* [WORK REQUIRED]: Give all of the listing again word for word, with images excluded.
[PROVIDED DATA — start]
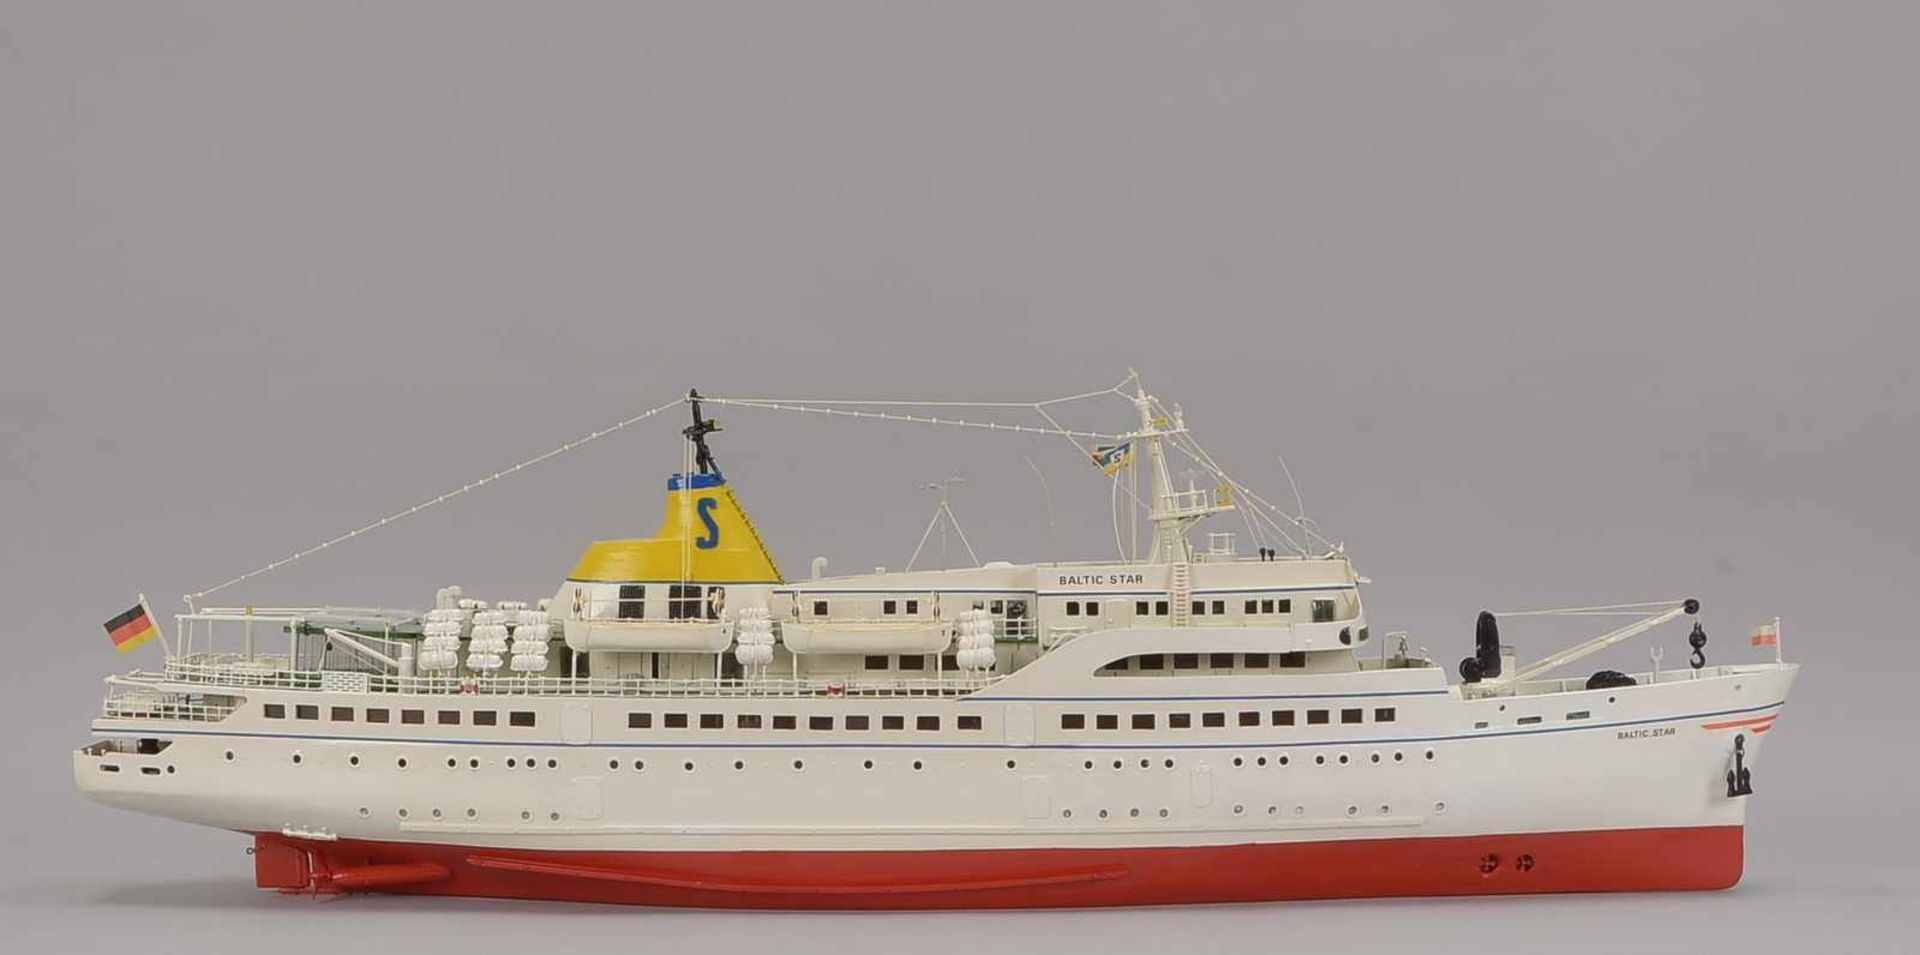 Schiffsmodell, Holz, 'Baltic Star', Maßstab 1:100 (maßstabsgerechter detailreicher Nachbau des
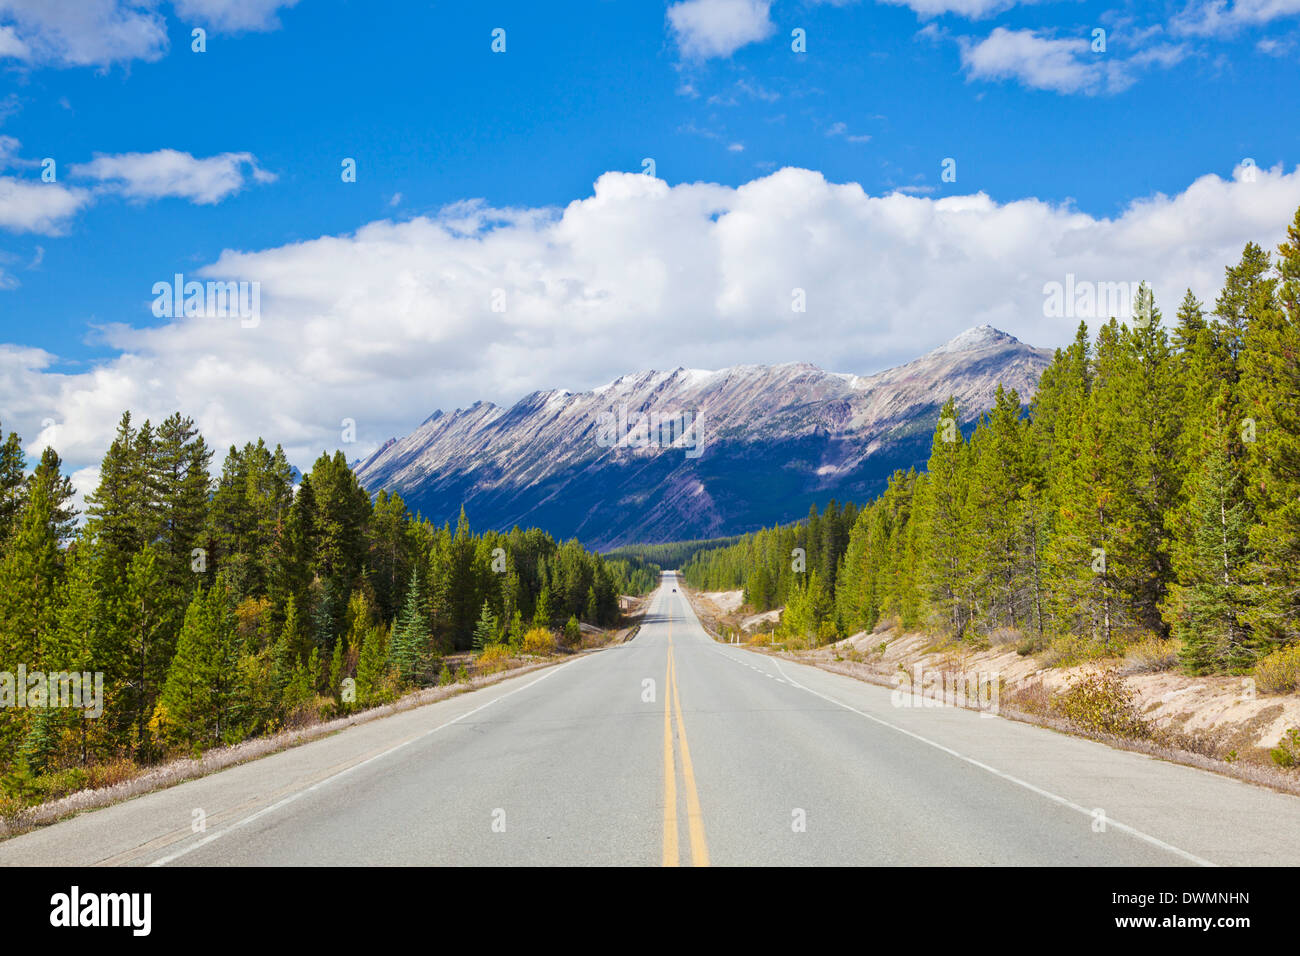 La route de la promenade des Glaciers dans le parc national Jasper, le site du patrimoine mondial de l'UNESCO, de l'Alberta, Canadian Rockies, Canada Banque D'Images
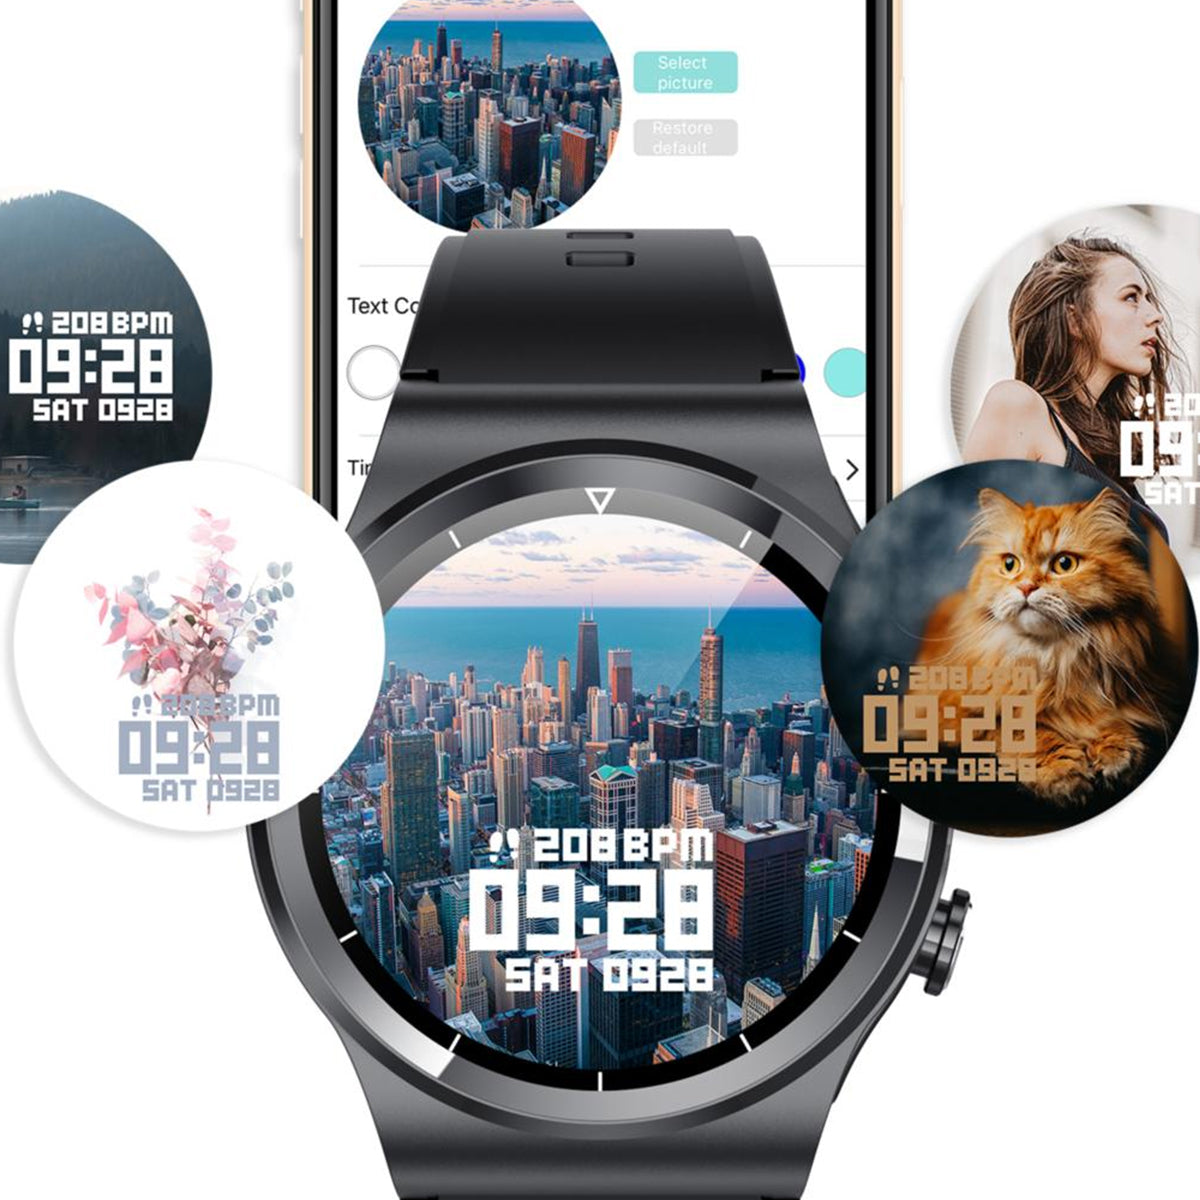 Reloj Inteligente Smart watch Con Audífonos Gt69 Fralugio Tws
[PROVIDED DATA — finish]
* [WRITTEN REPLY]:
 Schiffsmodell, Holz, 'Baltic Star', Maßstab 1:100 (maßstabsgerechter detailreicher Nachbau des
 La route de la promenade des Glaciers dans le parc national Jasper, le site du patrimoine mondial de l'UNESCO, de l'Alberta, Canadian Rockies, Canada Banque D'Images
 Reloj Inteligente Smart watch Con Audífonos Gt69 Fralugio Tws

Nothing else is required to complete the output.